Problem requirements - Quote the listing below in its entirety, omitting every image.

Data extract -
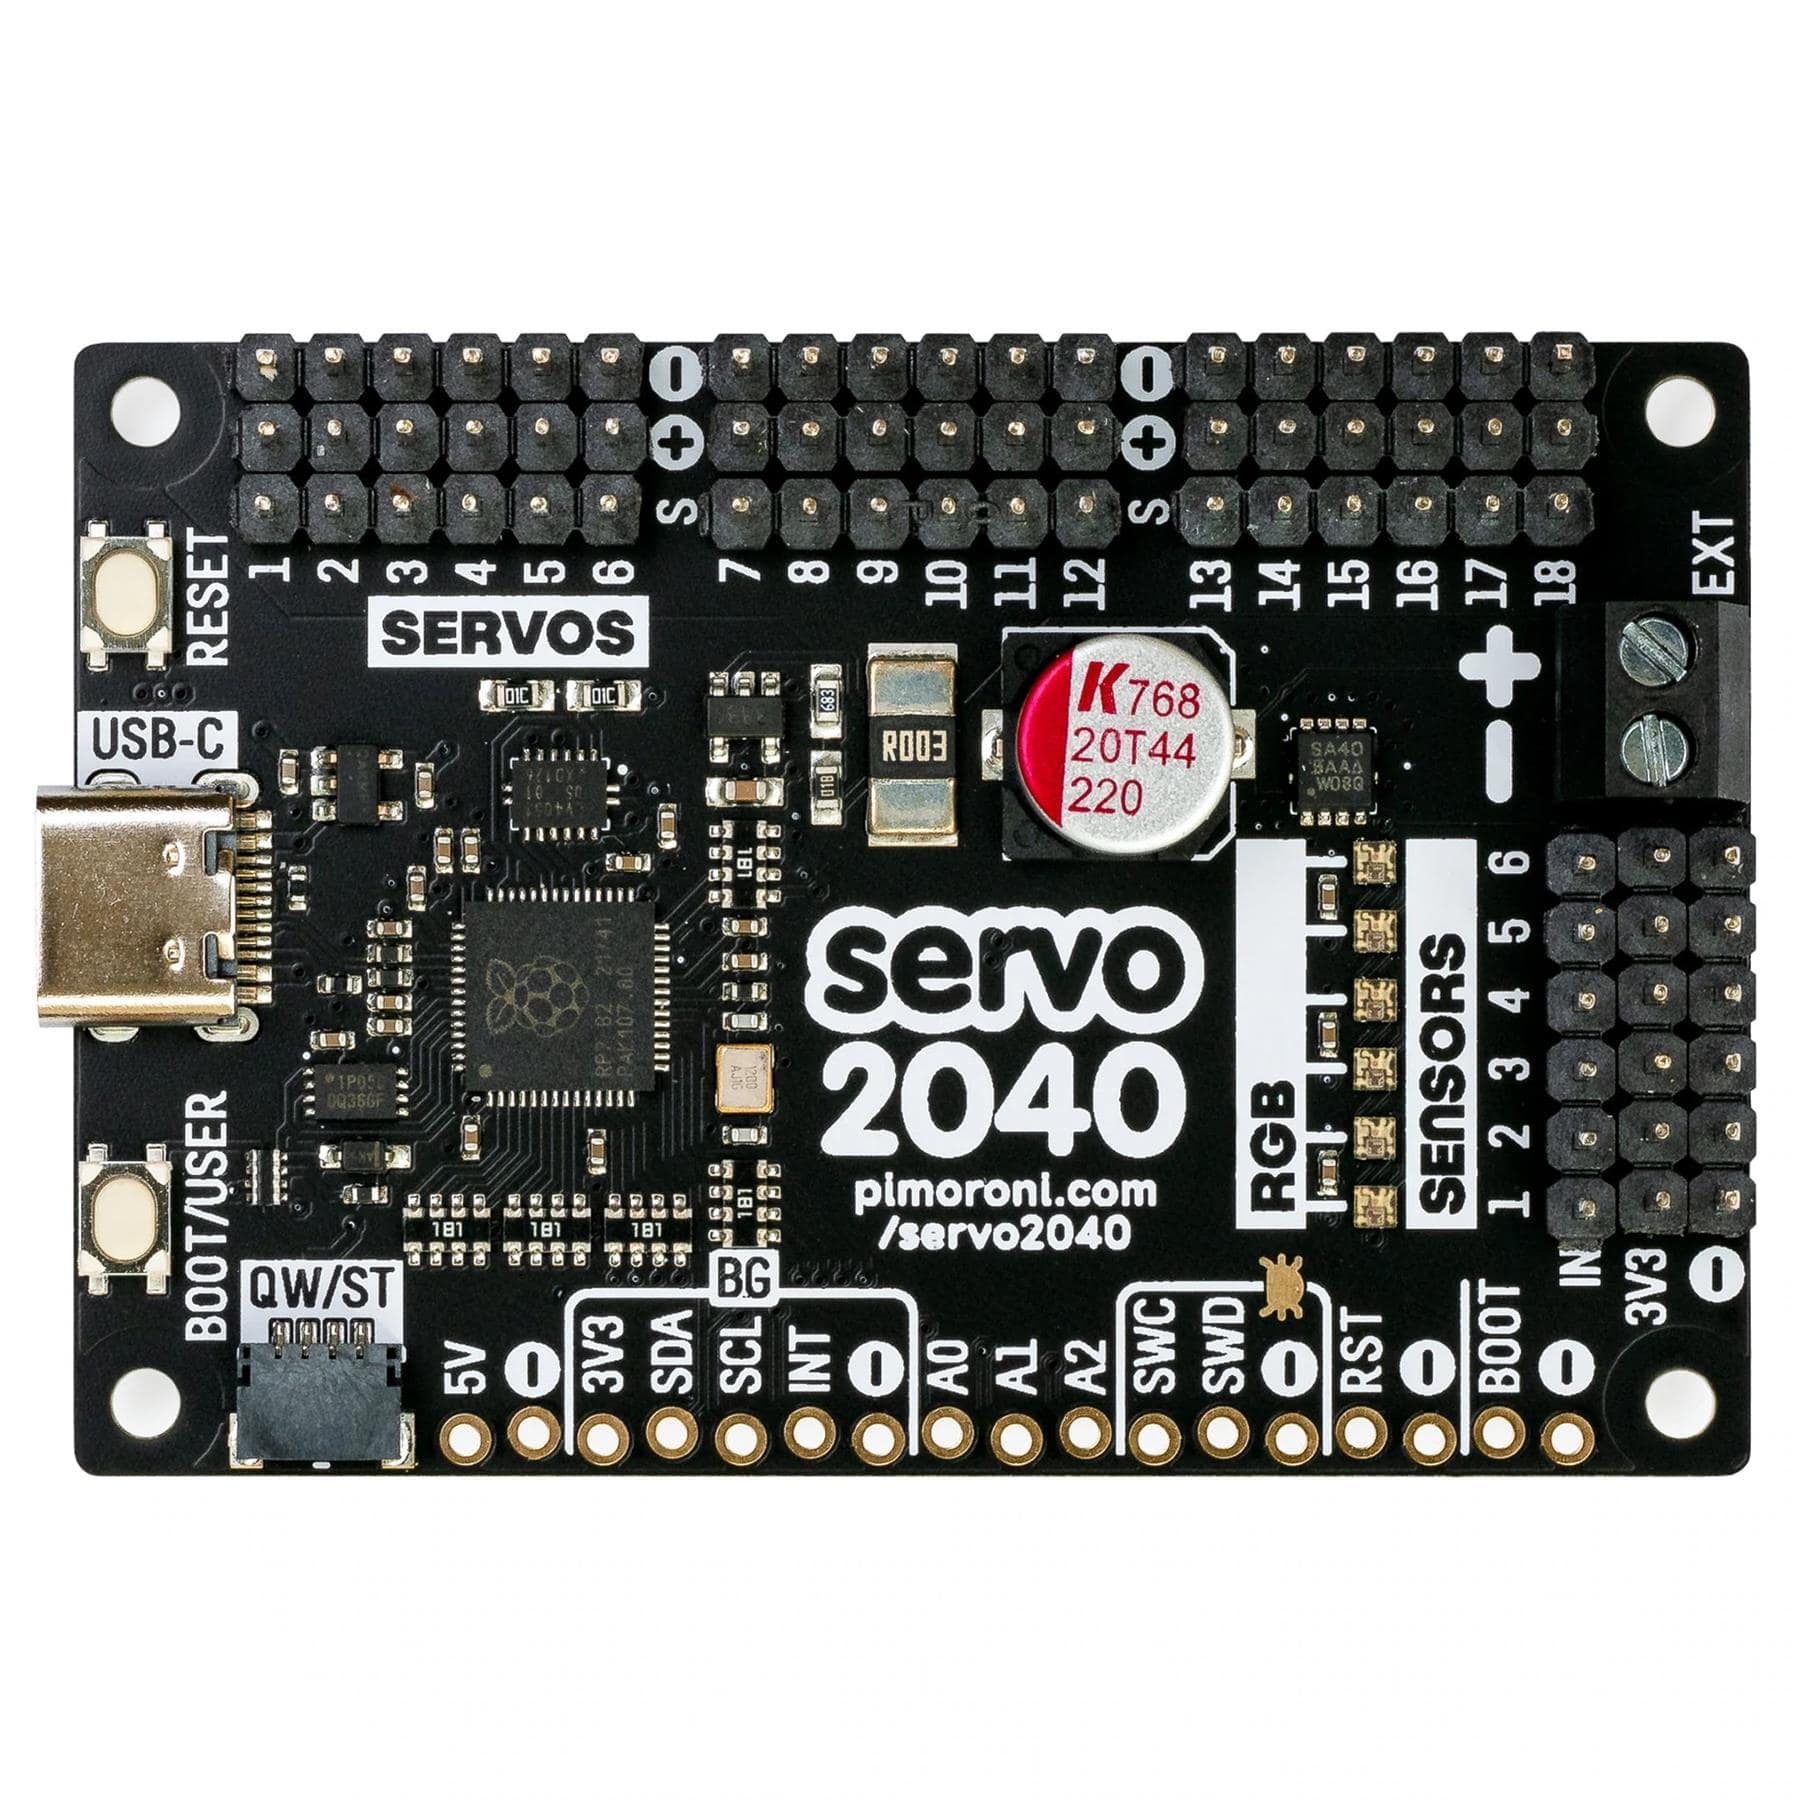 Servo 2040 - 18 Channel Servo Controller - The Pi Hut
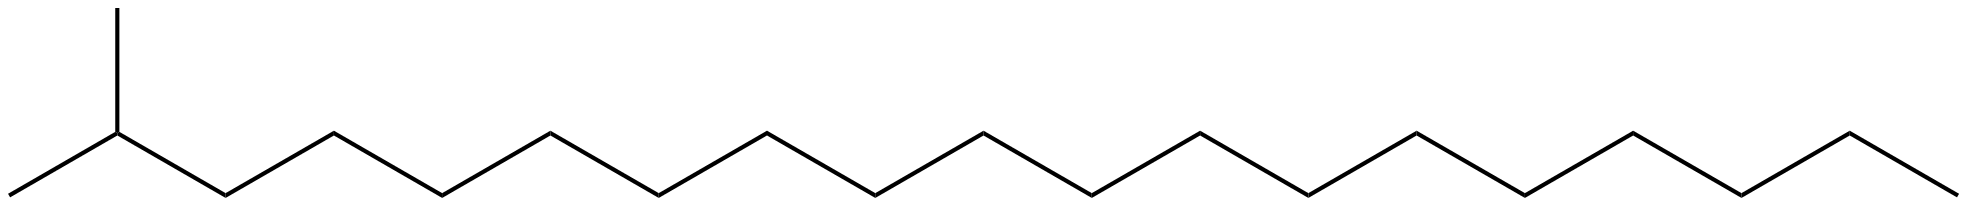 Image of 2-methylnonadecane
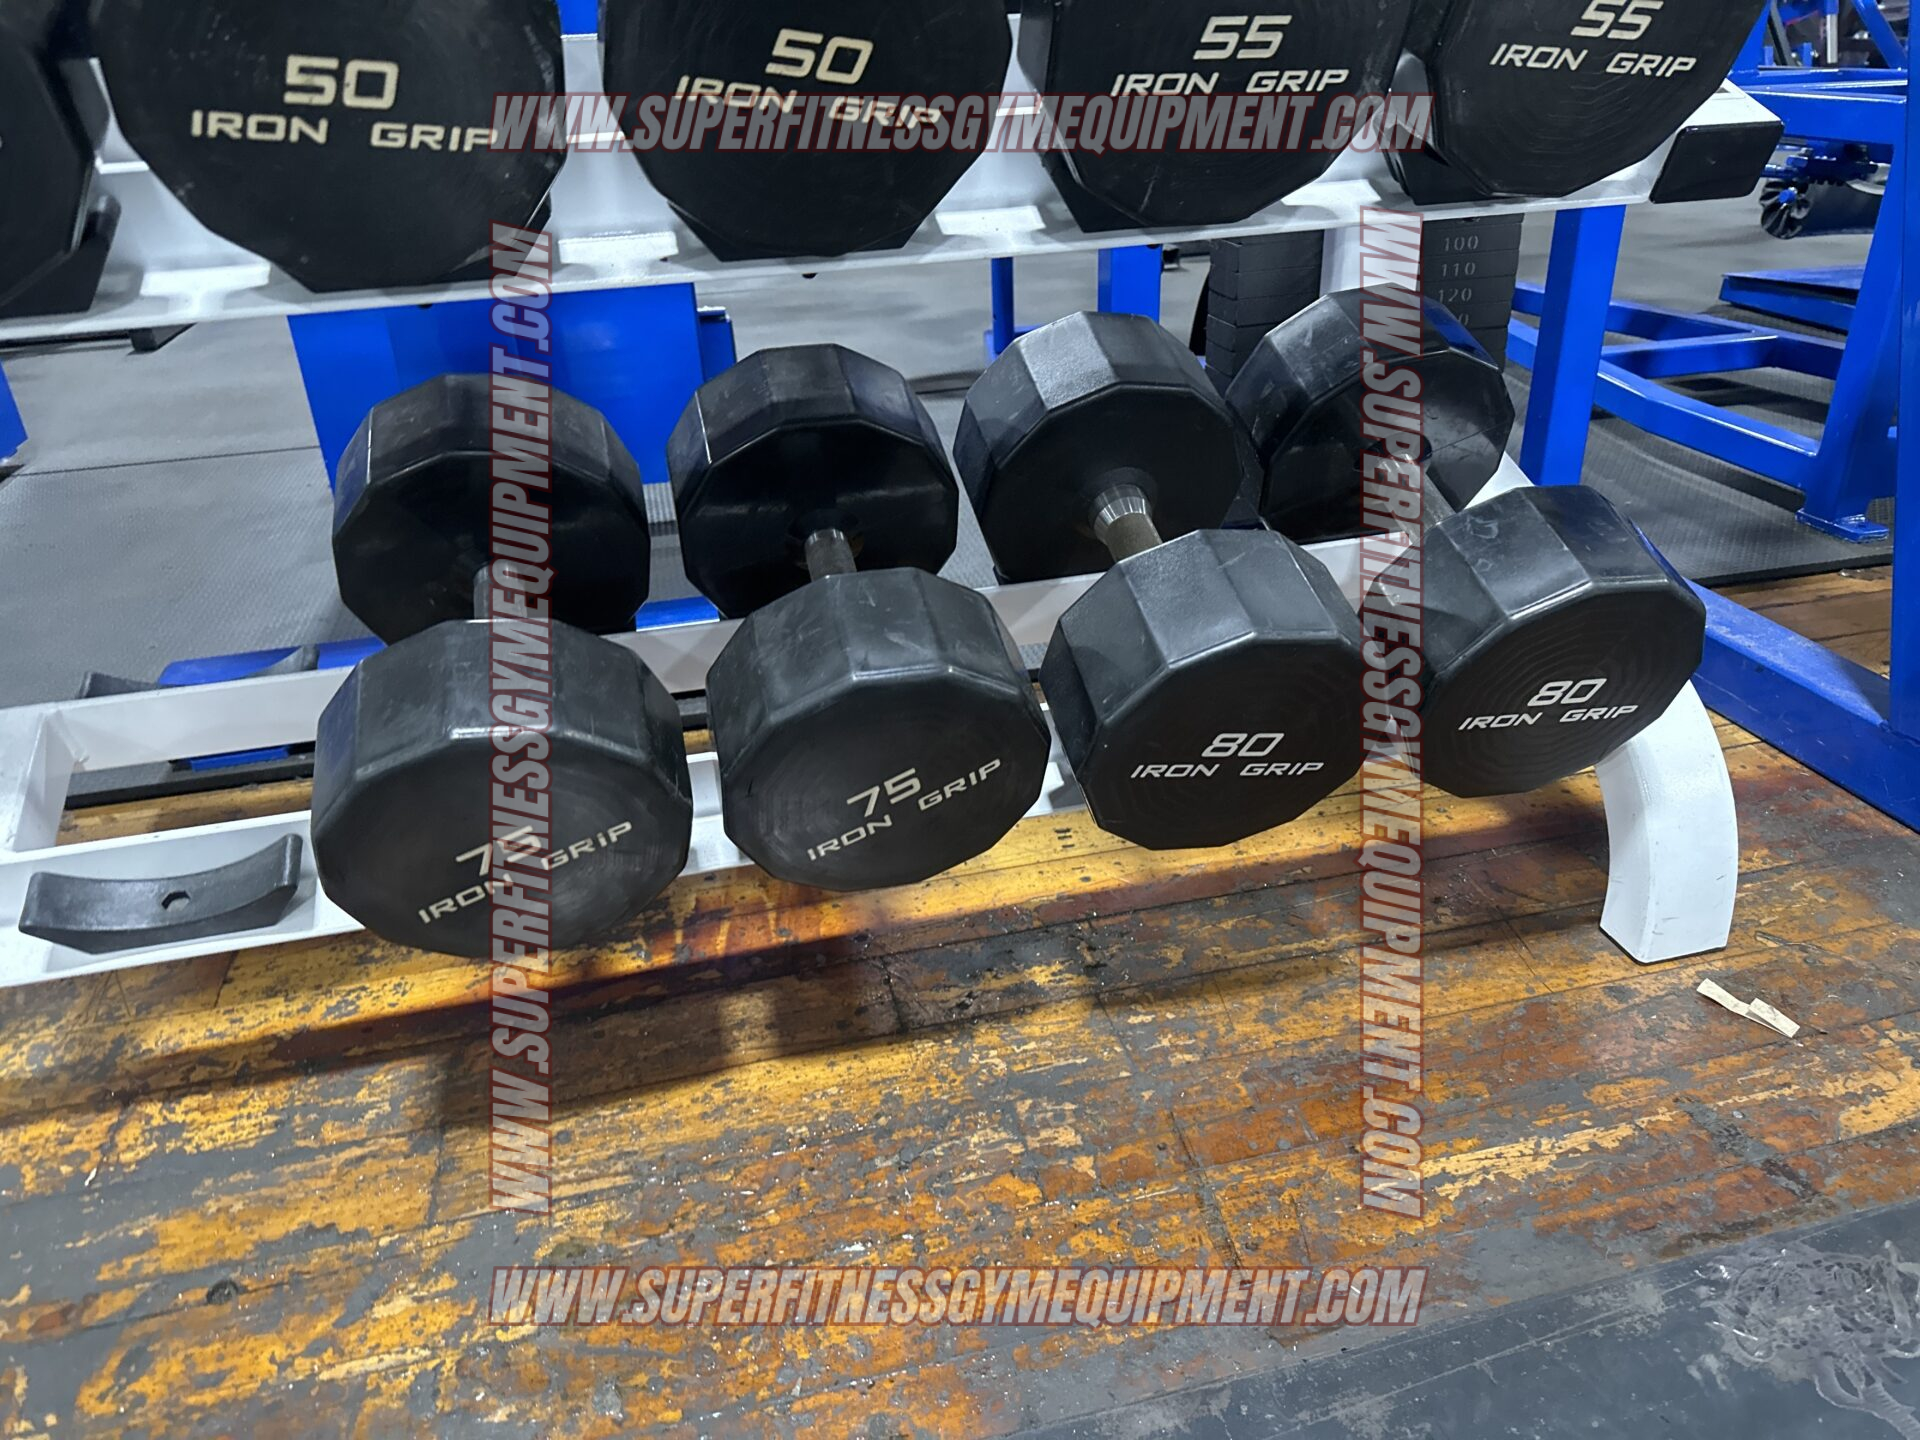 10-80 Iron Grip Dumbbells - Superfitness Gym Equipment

Task response -
 Servo 2040 - 18 Channel Servo Controller - The Pi Hut
 Image of 2-methylnonadecane
 10-80 Iron Grip Dumbbells - Superfitness Gym Equipment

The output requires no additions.